The great geneticist Theodosius Dobzhansky made an important step forward in our understanding of what a species is. In his most famous work Genetics of the origin of species, written in 1937, for the first time evolutionary biology gained a unifying definition of a species. This view was called the “biological definition of species” and it is based on the mechanisms of reproduction: a species is a group of individuals each fertile and reproductively isolated from other. In the words of Dobzhansky:
“Species are the smallest discrete groups of organisms whose free interbreeding with other groups is prevented by some physiological isolating mechanisms.”[5]
Individuals of different species are separated by specific isolating mechanisms like incompatibility of genitalia, gametes, periods of fertility, sterility of the offspring etc. Yet in the words of Dobzhansky:
“(…) the production of hybrid offspring between two discrete groups may be prevented by a lack of sexual attraction between different individuals, by a physical non compatibility of the reproductive organs (genitalia or flower structure), by differences in the structure or physiology of the sex-cells, differences in the breeding seasons, and the ecologies of the parents. If produced at all, the hybrid may be too weak to attain sexual maturity, or be sterile because of the non-production of functional gametes” (Ibid.)

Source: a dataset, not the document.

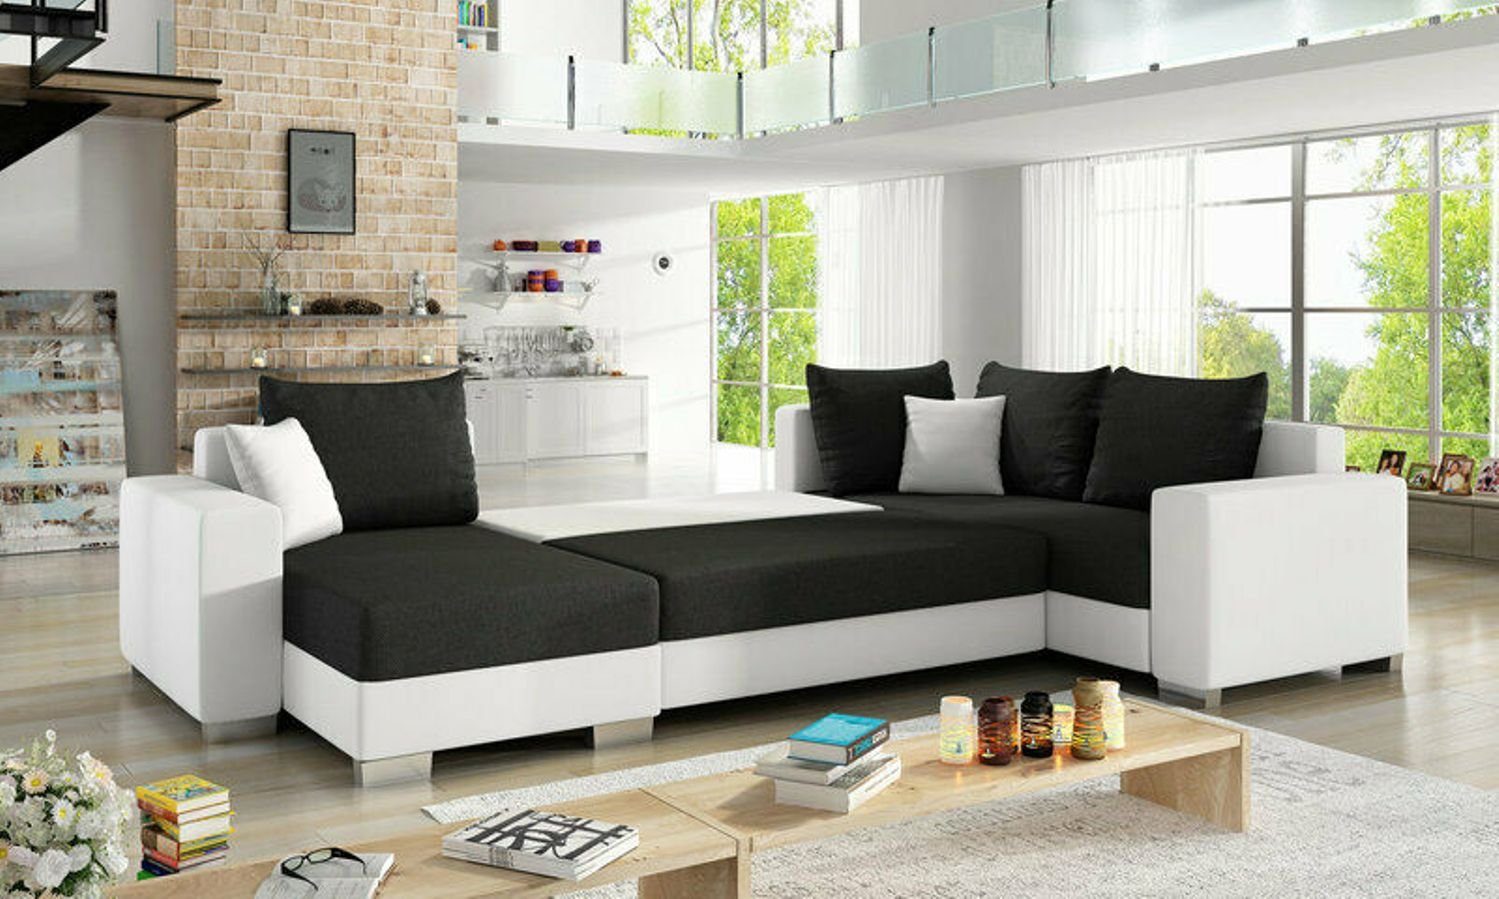 JVmoebel Ecksofa Design Ecksofa Schlafsofa Bettfunktion Couch Leder Polster Textil, Mit Bettfunktion Schwarz/Weiß | Ecksofas

This theory greatly strengthened the core of the Modern Synthesis: i.e. that evolution is a slow and gradual process just as Darwin showed many years ago. Genes and genetics provide the mathematical basis of this theory and species are formed in the same way:
“It is only through the development of isolating mechanisms that different organisms may coexist in the same area, may produce new forms on which progressive evolution can be based, or differentiate and specialize to exploit the different ‘niches’ in the economy of nature” (Ibid.)
From these lines we can understand that the core of the Modern Synthesis was the extrapolation of the mechanism of micro-evolution to that of macro-evolution: in other words, the gradually changing of the gene frequencies over the generations, that is the basis of the formation of a new species, is also the basis of the formation of the superior taxa, like fishes, amphibia, reptiles, birds and mammals. There is only one mechanisms at work for the Modern Synthesis and the process evolves in a gradual manner. Everything we do not find in the fossils records is merely due to the difficulties in the process of fossilization.

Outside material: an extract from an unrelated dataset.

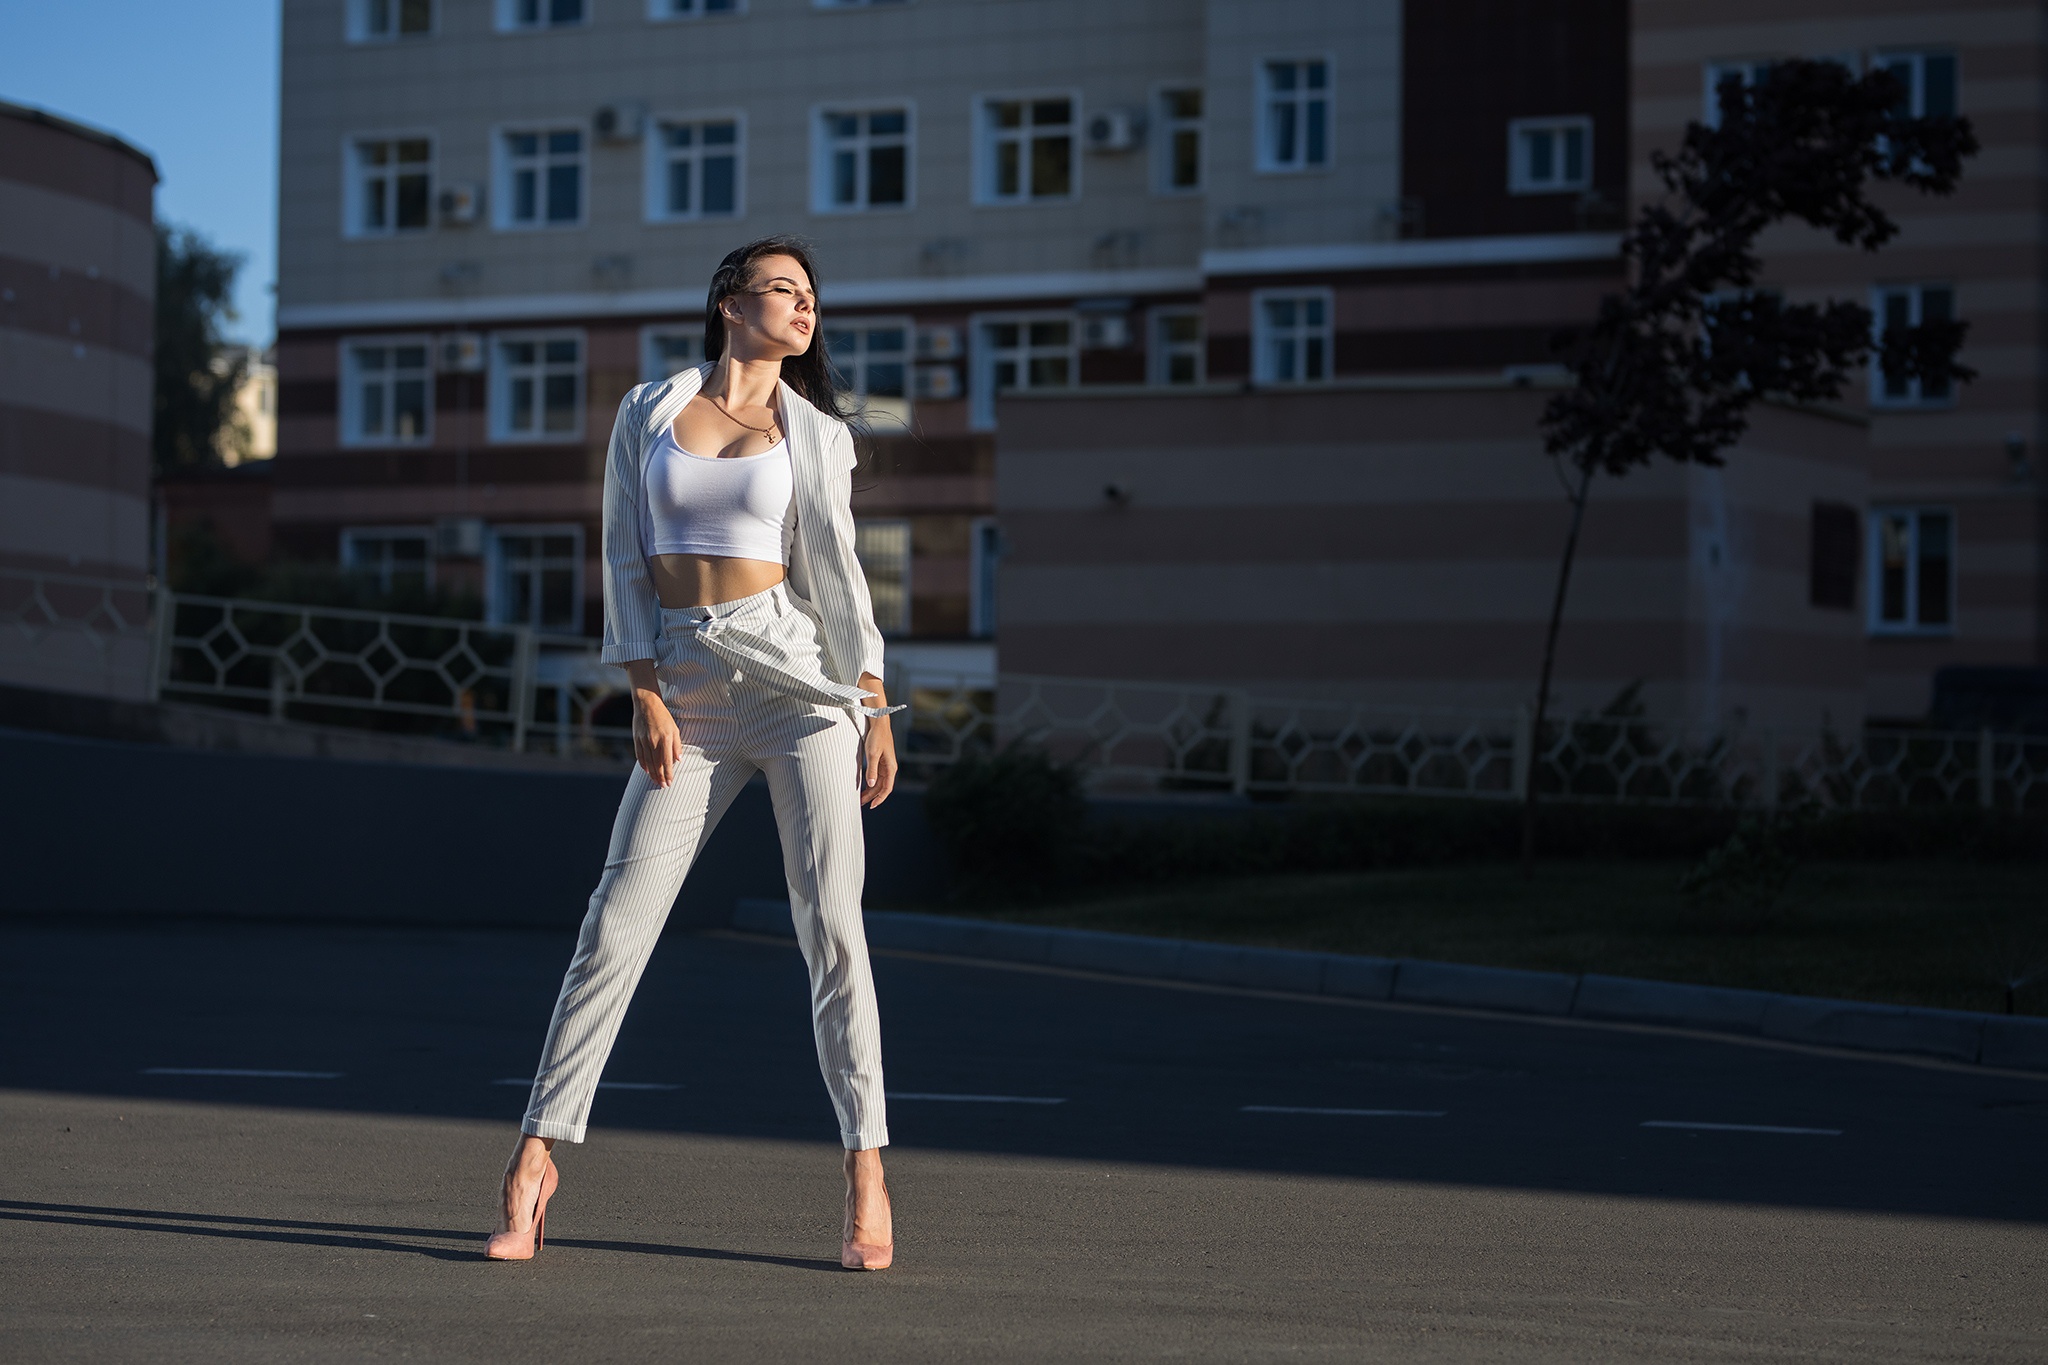 Dmitry Sn Urban High Heels Women Model Women Outdoors Closed Eyes Kristina Romanova 2048x1365

George Gaylord Simpson’s Tempo and mode in evolution, published in 1944, was the main work that explained this gradual interpretation of evolution. In this work, Simpson summarized the extrapolation of micro-evolution in the macro-evolution and underlined that most evolution proceeds through steady and gradual phyletic transformation of the whole lineage. This interpretation is named “anagenesis” or “phyletic gradualism”.
The Modern Synthesis was a great step forward for Darwinian theory. Its biological definition of species is still valid today even if scientists are suggesting and analyzing new ways of formation of species. The first cracks in the Synthesis, however, would not directly come from the genetic and biological mechanisms of formation of species but from the paleontological data and from the mechanism of geographical distribution of species.
[1] Marx to Lassalle, 16 January 1861.
[2] K. Marx, The Capital, Chapter 7.
[3] K. Marx, The Poverty of Philosophy.
[4] A. Pannekoek, Marxism and Darwinism.
[5] T. Dobzhansky, What is a species?, 1937.